> _EXERCISE REQUIREMENTS_
Search the material below for the word "Rock". Copy every line where it is found.

> _DATA IN THIS EXERCISE_

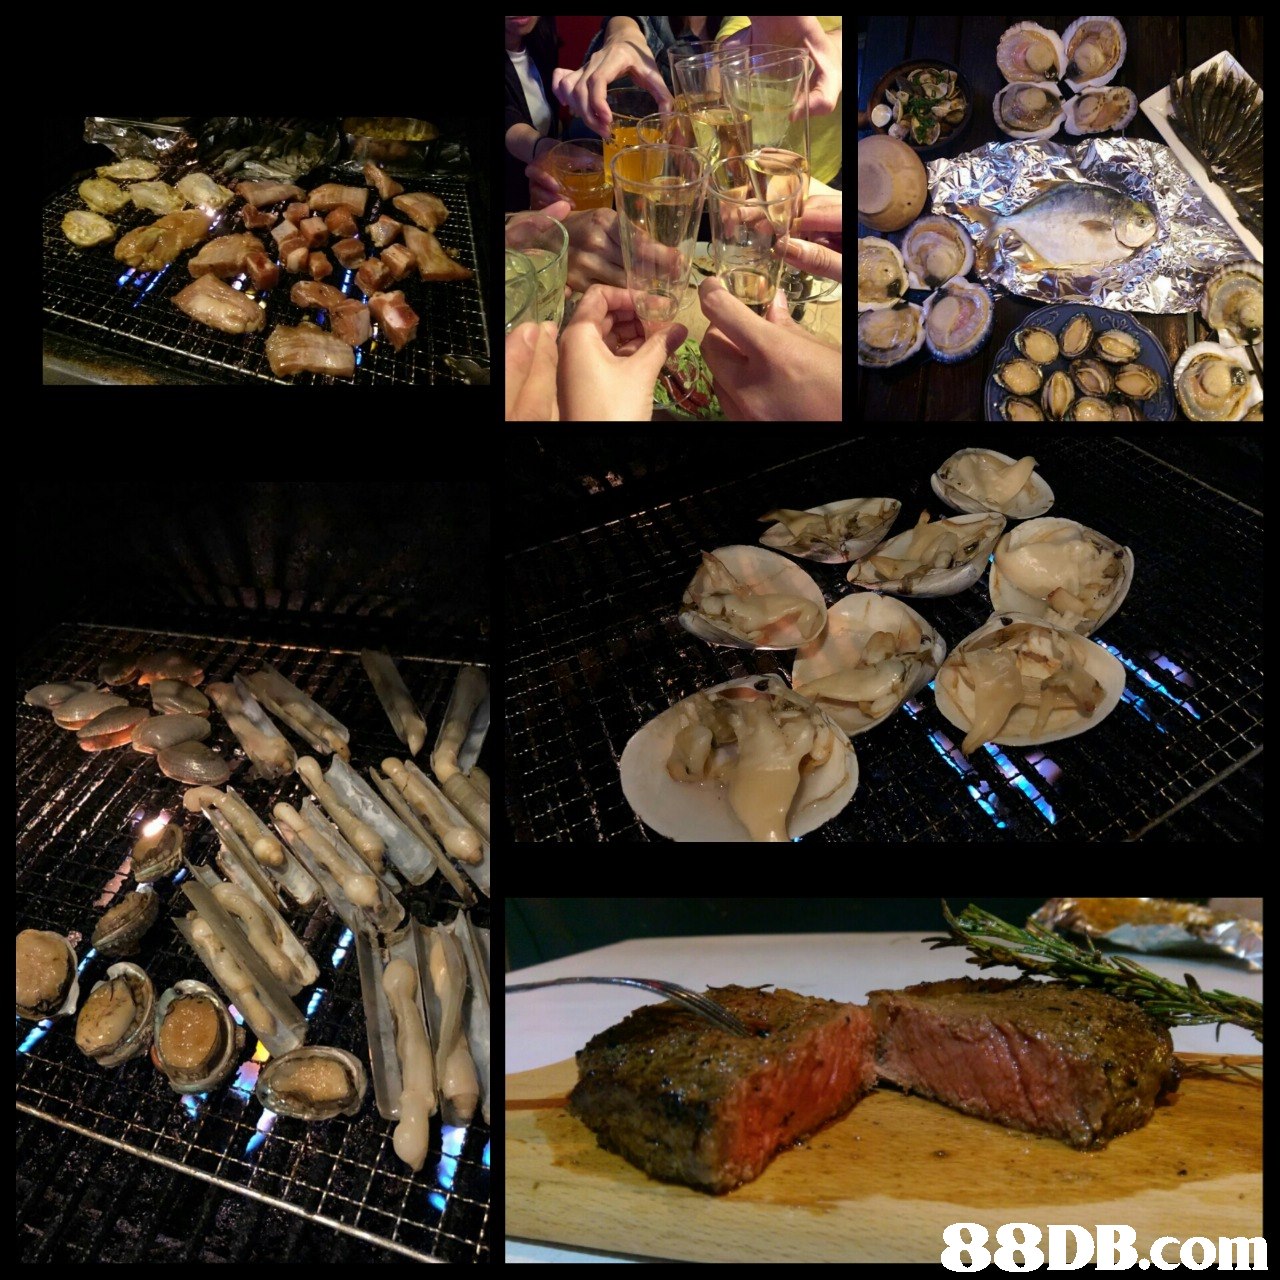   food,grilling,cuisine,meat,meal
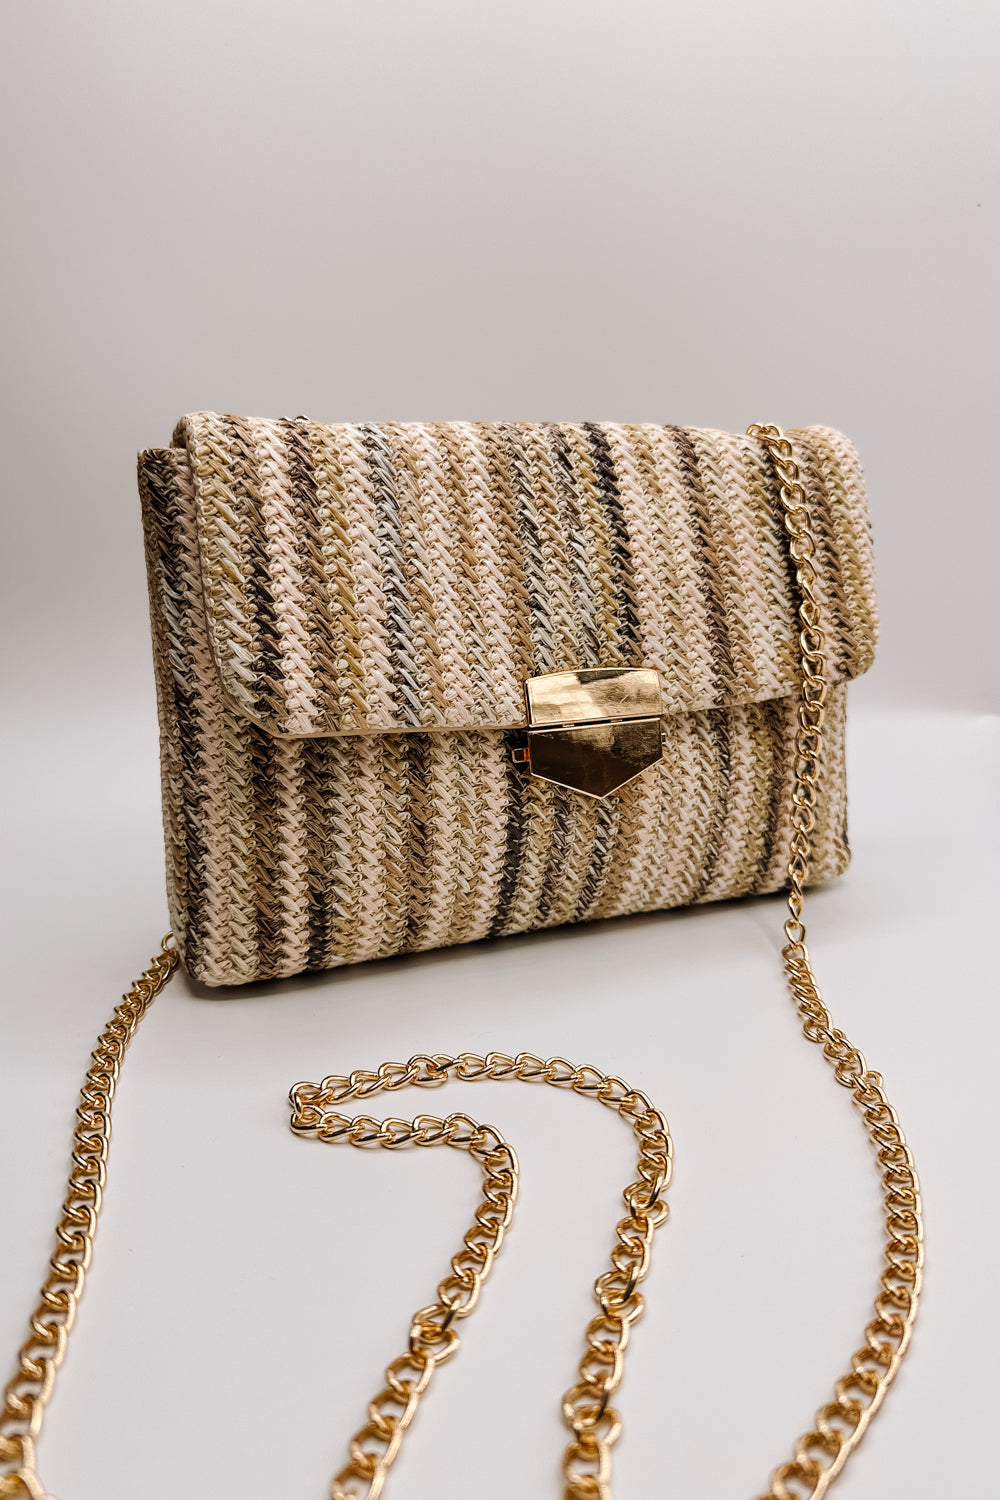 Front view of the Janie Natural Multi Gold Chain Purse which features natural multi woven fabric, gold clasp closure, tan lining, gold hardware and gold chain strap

* * *

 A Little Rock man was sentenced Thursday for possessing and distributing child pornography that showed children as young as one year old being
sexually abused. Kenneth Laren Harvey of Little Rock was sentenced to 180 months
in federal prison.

==

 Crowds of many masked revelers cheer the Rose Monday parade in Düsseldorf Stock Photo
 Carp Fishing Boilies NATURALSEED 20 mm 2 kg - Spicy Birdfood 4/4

> _REPLY TO THE EXERCISE_
 A Little Rock man was sentenced Thursday for possessing and distributing child pornography that showed children as young as one year old being
sexually abused. Kenneth Laren Harvey of Little Rock was sentenced to 180 months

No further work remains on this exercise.